Persistent myths also remain on the side of the creative industries, where some still struggle to trust the quality of arts training even though lots of creative arts provision is increasingly more technical, applied and up-to-date. There is still an assumption that schools deliver a media arts curriculum that is not fit for industry purposes - in the last 10 years that has shifted profoundly and industry needs to be helped to see the quality of creative practice in schools and the quality of young people available to them with the right support and training.
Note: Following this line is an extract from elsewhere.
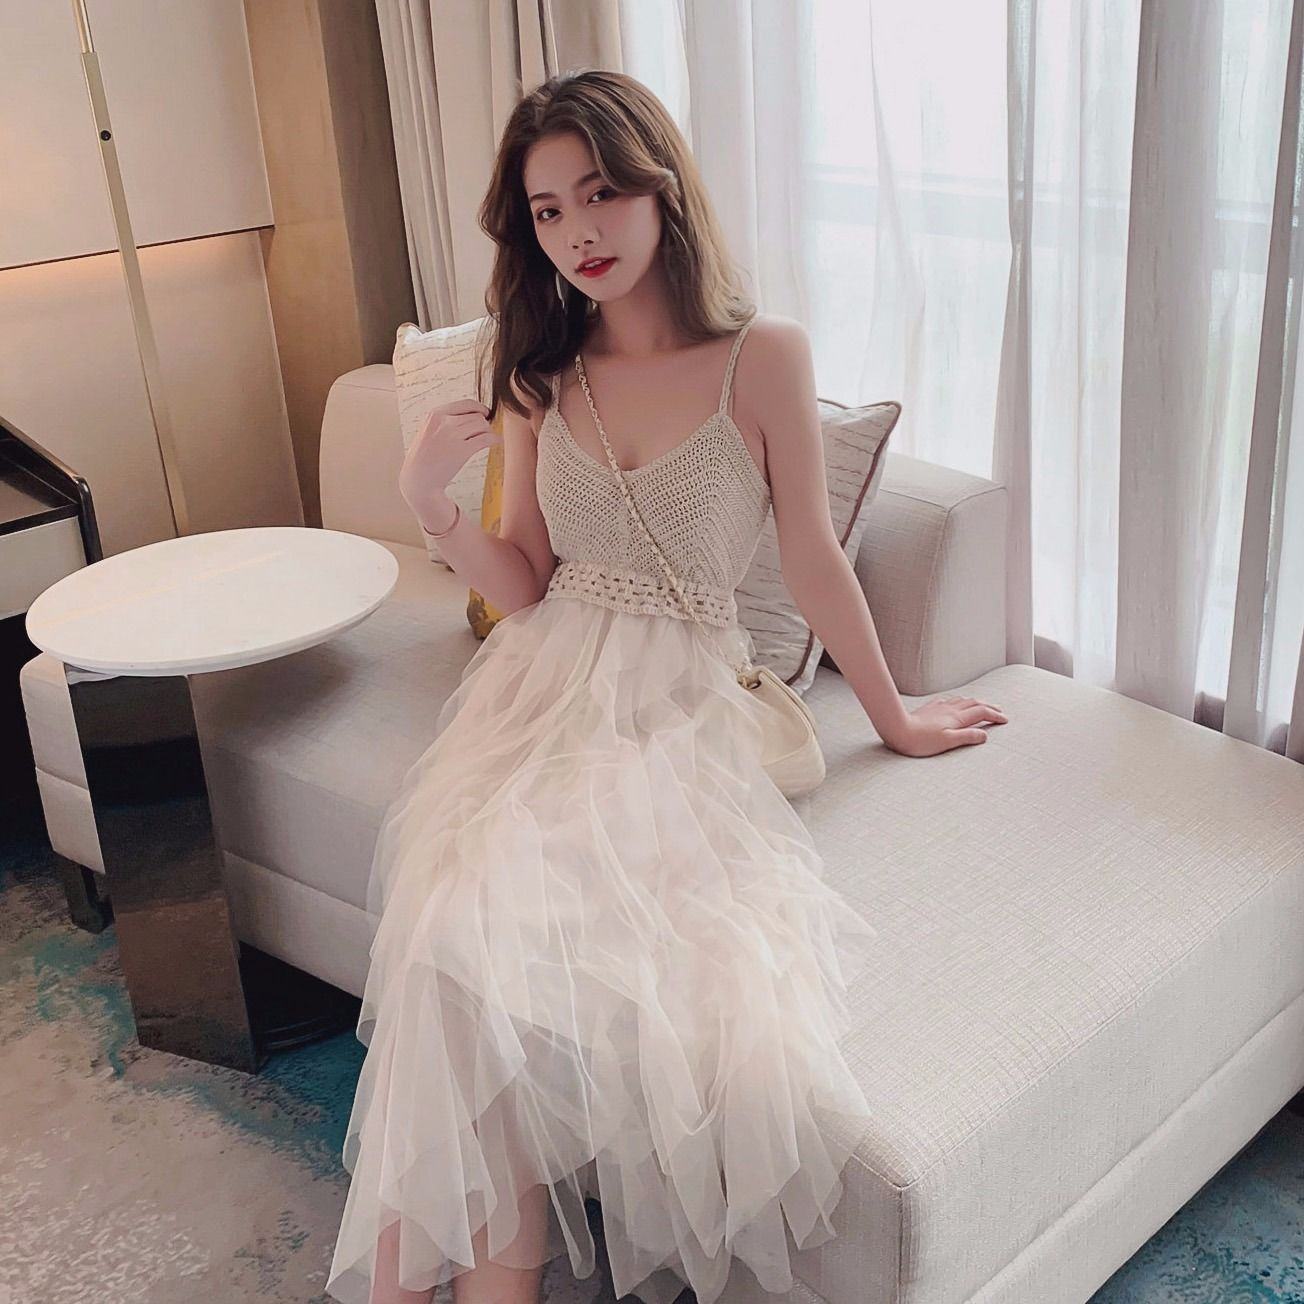 白色吊带连衣裙 裙子仙女超仙森系2020夏新款V领纱裙网纱吊带连衣裙女层层蛋糕裙_推荐淘宝好看的白色吊带连衣裙
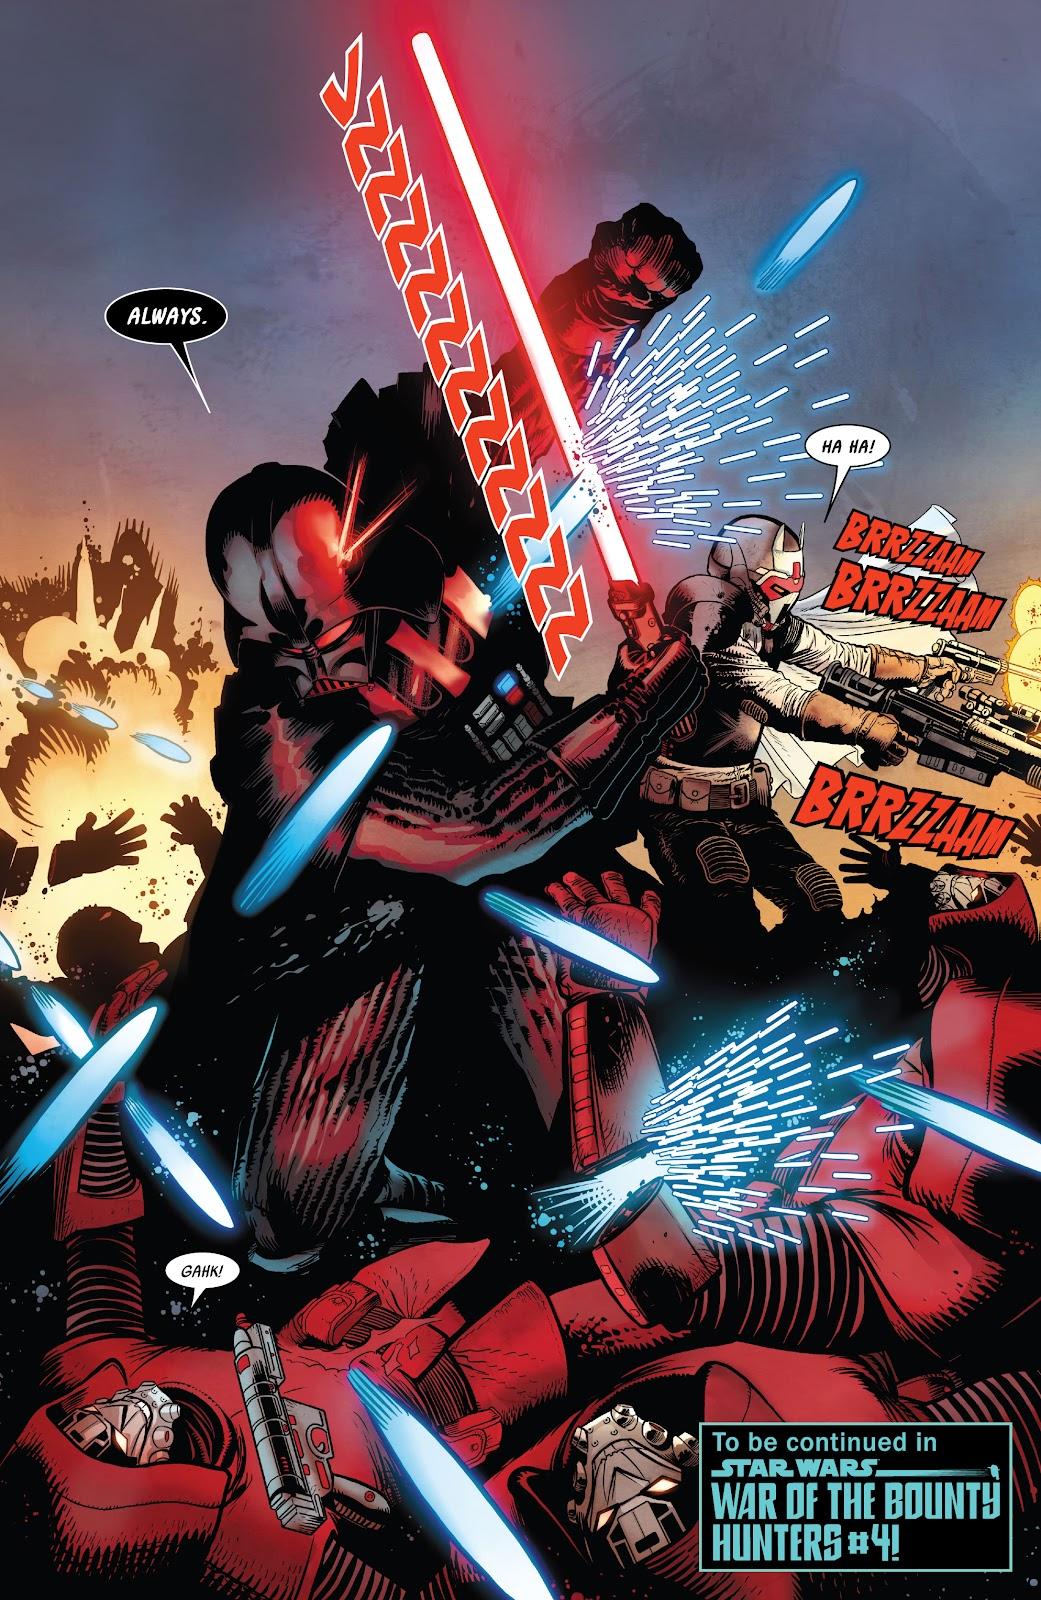 Star Wars Darth Vader Vol. 1 #15

Education needs to face out to the creative industries more confidently and the industry also needs to face education. If the pipeline is to flow, it must be connected at both ends.
So we intend to make a lot more noise about our creative pipeline curriculum. We need to contribute more meaningfully to the national careers picture, increasing our focus on the training opportunities through apprenticeships, traineeships and T Levels. We have begun talks with some key partners to this end including our Local Enterprise Partnership, ScreenSkills, Sky and Stage 50 (watch this space). ESA productions is also growing, now with new expertise in animation and motion graphics alongside our existing skills in film, online content creation and social media publishing. We also intend to develop our alumni community to help us challenge the myths in the creative industries.
So plenty to do… but we’re platinum right? We have the stability and flexibility to catalyse things.